Рига стоит на Западной Двине (по латышски Даугава). Река широкая и глубокая. Но всё как-то сумрачно, не как в Ленинграде.

Старая Рига
Старая Рига

В конце лета мы получили радиограмму из училища: нам приказали зайти в Ленинград и у набережной Васильевского острова принять груз из, если правильно помню, тысячи с чем-то строительных бетонных блоков. Эти блоки мы должны были доставить на нашу тренировочную базу на острове Западный Берёзовый. Там из них должны были построить здание для дизельной электростанции. До этого на базе электричества не было, жили при керосиновых лампах, а в белые ночи обходились и без них.

Погода ещё была летняя. Без приключений зашли в Неву, пришвартовались к палам около набережной перед мостом лейтенанта Шмидта. Целый день вручную грузили блоки. Все три трюма «Сириуса» были оборудованы под кубрики для курсантов. Поэтому блоки мы укладывали в один слой на палубе. За остойчивость в связи с палубным грузом капитан не волновался. У всех парусных судов остойчивость очень большая, просто так не перевернёшь.

Пришли мы на острова, стали на якорь неподалёку от нашей базы. Здесь всё та же первобытная красота: чистейшая вода в проливах между островов, гранитные валуны, песчаные пляжи, сосны, белые берёзки и, главное, людей нет. Спустили на воду два десятивёсельных баркаса. Грузили блоки в баркас, столько, чтобы надводный борт оставался минимальным, садились на вёсла и шли к берегу.

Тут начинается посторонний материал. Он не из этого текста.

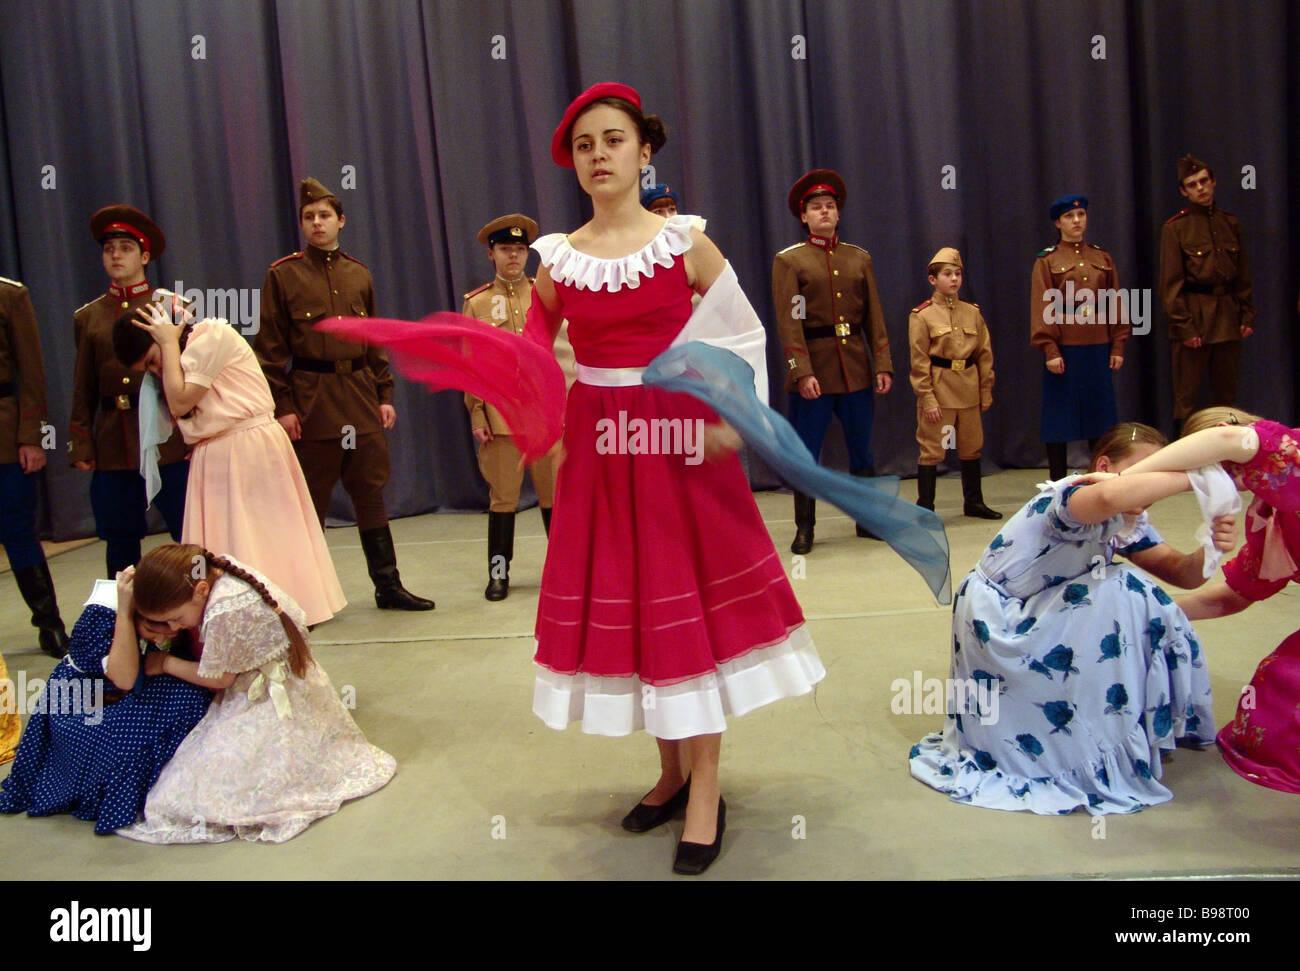 Today is the anniversary of Galina Vishnevskaya 10/25/2011 41

«Сириус» на якоре между островов. У борта судна виден спущенный баркас
«Сириус» на якоре между островов. У борта судна виден спущенный баркас

На руле сидели по очереди. Утыкались с ходу носом в песок. Здесь нас поджидала телега с лошадью и дядька-конюх. Да, была телега с лошадью в хозяйстве нашей базы. Ни одной машины не было. Мы перегружали вручную блоки на телегу, штук по двадцать. Лошадь при этом обречённо оглядывалась и, похоже, прикидывала в уме, сколько же рейсов ей придётся сделать, чтобы перевести весь баркас. Тащить телегу по песку до места строительства надо было метров триста. После двух рейсов, когда мы нагрузили телегу в третий раз, лошадь категорически отказалась включать скорость и даже не пошевелилась хотя бы для вида. Умная была лошадка. Дядька-конюх тоже возмутился и сказал, что лошадь — это вам не человек, у неё есть предел сил, её жалеть надо.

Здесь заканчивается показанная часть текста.